| Dataset entries |
┌────────
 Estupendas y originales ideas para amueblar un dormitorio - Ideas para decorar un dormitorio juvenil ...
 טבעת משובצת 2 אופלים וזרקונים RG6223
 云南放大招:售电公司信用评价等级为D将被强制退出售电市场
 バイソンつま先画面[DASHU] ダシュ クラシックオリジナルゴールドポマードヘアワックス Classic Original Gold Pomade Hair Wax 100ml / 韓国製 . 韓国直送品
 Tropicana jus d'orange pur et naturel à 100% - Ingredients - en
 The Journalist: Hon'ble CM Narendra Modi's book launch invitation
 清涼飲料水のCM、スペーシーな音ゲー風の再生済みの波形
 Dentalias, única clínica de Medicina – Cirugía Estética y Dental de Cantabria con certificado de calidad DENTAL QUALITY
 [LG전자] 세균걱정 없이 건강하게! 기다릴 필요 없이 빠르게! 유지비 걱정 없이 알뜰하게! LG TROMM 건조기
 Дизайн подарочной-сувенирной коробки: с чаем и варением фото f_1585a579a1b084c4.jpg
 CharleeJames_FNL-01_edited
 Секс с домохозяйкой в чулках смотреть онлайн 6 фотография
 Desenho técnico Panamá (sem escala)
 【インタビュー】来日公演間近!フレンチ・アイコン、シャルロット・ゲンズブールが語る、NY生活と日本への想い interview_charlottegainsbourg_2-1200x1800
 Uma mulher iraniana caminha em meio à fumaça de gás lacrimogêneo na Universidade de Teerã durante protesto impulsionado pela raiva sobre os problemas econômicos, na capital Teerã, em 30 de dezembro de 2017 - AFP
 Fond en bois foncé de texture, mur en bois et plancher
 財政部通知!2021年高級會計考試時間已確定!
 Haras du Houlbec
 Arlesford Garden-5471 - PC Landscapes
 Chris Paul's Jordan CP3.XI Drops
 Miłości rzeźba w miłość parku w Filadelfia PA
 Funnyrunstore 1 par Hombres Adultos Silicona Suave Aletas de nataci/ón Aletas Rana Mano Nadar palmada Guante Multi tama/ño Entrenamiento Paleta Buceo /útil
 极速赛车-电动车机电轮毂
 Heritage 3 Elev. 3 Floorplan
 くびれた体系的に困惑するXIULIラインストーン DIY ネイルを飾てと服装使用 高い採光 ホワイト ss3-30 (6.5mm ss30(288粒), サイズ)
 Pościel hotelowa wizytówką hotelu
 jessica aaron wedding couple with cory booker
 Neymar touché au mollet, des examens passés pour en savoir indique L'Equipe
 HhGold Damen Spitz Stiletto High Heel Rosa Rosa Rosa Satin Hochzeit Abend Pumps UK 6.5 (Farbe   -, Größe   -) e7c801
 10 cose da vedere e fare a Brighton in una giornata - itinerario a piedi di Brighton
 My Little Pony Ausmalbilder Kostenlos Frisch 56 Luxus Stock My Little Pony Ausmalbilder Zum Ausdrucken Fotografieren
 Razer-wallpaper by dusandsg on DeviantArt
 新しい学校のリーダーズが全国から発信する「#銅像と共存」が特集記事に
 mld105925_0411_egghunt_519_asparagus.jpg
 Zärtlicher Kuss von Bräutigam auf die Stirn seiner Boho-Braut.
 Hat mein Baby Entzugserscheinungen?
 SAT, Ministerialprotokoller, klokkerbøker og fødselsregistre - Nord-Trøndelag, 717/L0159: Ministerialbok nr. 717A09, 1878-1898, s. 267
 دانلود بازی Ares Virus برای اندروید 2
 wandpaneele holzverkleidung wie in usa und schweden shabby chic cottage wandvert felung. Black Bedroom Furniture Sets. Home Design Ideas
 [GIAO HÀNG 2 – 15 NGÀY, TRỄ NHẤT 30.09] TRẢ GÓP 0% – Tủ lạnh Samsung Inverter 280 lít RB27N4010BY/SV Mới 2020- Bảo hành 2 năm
└────────
| Task goal |
Take the line containing "极速赛车-电动车机电轮毂" as the start and the last line of the data as the end, and reproduce that range exactly.

| Response to this task |
 极速赛车-电动车机电轮毂
 Heritage 3 Elev. 3 Floorplan
 くびれた体系的に困惑するXIULIラインストーン DIY ネイルを飾てと服装使用 高い採光 ホワイト ss3-30 (6.5mm ss30(288粒), サイズ)
 Pościel hotelowa wizytówką hotelu
 jessica aaron wedding couple with cory booker
 Neymar touché au mollet, des examens passés pour en savoir indique L'Equipe
 HhGold Damen Spitz Stiletto High Heel Rosa Rosa Rosa Satin Hochzeit Abend Pumps UK 6.5 (Farbe   -, Größe   -) e7c801
 10 cose da vedere e fare a Brighton in una giornata - itinerario a piedi di Brighton
 My Little Pony Ausmalbilder Kostenlos Frisch 56 Luxus Stock My Little Pony Ausmalbilder Zum Ausdrucken Fotografieren
 Razer-wallpaper by dusandsg on DeviantArt
 新しい学校のリーダーズが全国から発信する「#銅像と共存」が特集記事に
 mld105925_0411_egghunt_519_asparagus.jpg
 Zärtlicher Kuss von Bräutigam auf die Stirn seiner Boho-Braut.
 Hat mein Baby Entzugserscheinungen?
 SAT, Ministerialprotokoller, klokkerbøker og fødselsregistre - Nord-Trøndelag, 717/L0159: Ministerialbok nr. 717A09, 1878-1898, s. 267
 دانلود بازی Ares Virus برای اندروید 2
 wandpaneele holzverkleidung wie in usa und schweden shabby chic cottage wandvert felung. Black Bedroom Furniture Sets. Home Design Ideas
 [GIAO HÀNG 2 – 15 NGÀY, TRỄ NHẤT 30.09] TRẢ GÓP 0% – Tủ lạnh Samsung Inverter 280 lít RB27N4010BY/SV Mới 2020- Bảo hành 2 năm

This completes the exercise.